Смерть – тупик жизни, жизнь – тупиковое, придельное бытие. Существование – трансфинитно. Приделом поэмы «Черный человек» является брошенная трость, миг броска, готовность совершить поступок броска:
Я взбешен, разъярен,
И летит моя трость
Прямо к морде его,
В переносицу…
…Месяц умер,
Синеет в окошко рассвет.
(С. Есенин «Черный человек»)
Прямое, буквальное истолкование поэмы в самом деле работает. Безумие, увиденное напрямую и косвенно единовременно, что значит: трость брошенная автором – трость брошенная его Другим. Смерть месяца – не его ничто, не наступление вечного дня. Рассвет лишь синеет. Смерть месяца – светлая печаль (С. Франк), ночь без противоположности дня, ночь противоположная месяцу.

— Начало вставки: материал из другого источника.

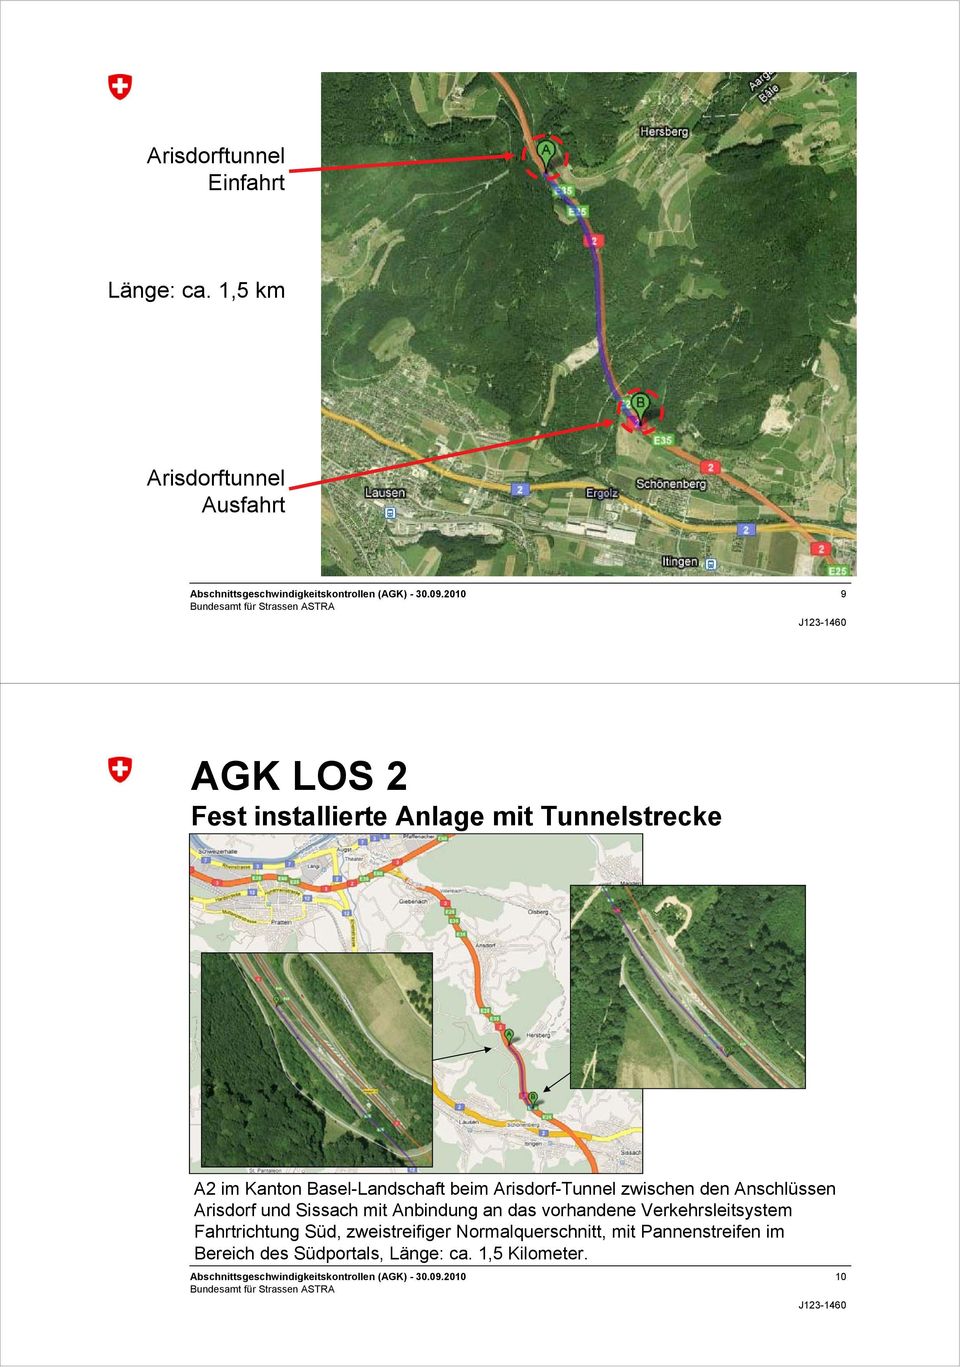 Anschlüssen Arisdorf und Sissach mit Anbindung an das vorhandene Verkehrsleitsystem Fahrtrichtung Süd, zweistreifiger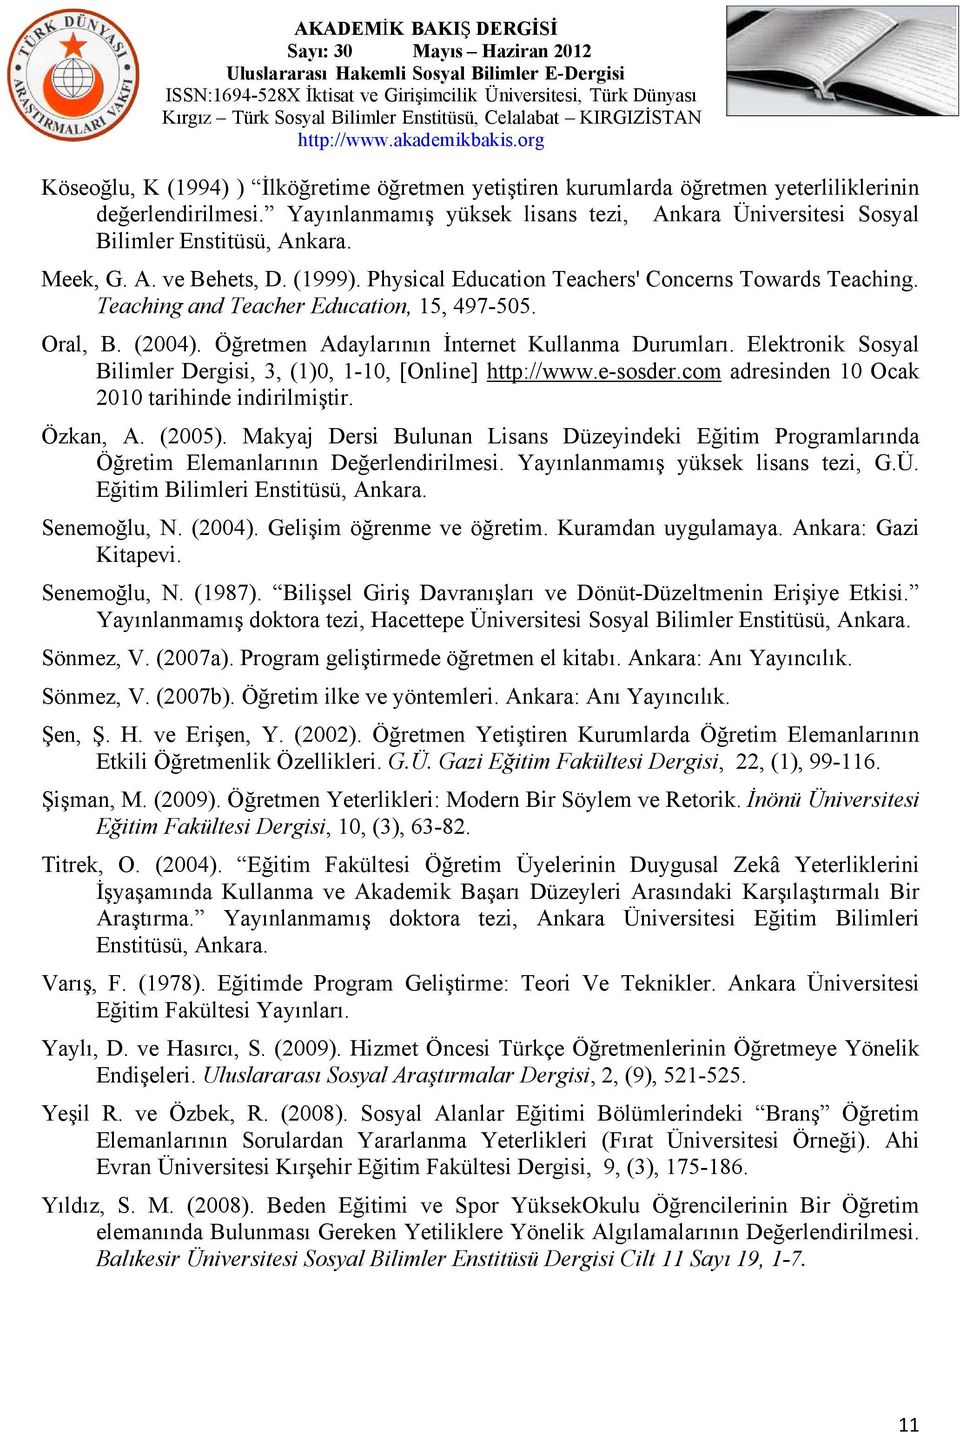 Öğretmen Adaylarının İnternet Kullanma Durumları. Elektronik Sosyal Bilimler Dergisi, 3, (1)0, 1-10, [Online] http://www.e-sosder.com adresinden 10 Ocak 2010 tarihinde indirilmiştir. Özkan, A. (2005).

Разбитое зеркало, перед ним некто в цилиндре:
Я в цилиндре стою.
Никого со мной нет.
(С. Есенин «Черный человек»)
Концепт Я, еще не означает что перед нами сам автор, так как в начале поэмы автор был в иной позиции. Кто в цилиндре (помня, что более в комнате уже никого нет)? Автор? Его Другой? Перед зеркалом расщепленная-целостная-нераздельная-неслиянная-наслаждающаяся безумием личность. Наслаждающееся безумием творчество. Внешне – я-Другой, внутренне – Я, не-я-Другой и не-Я.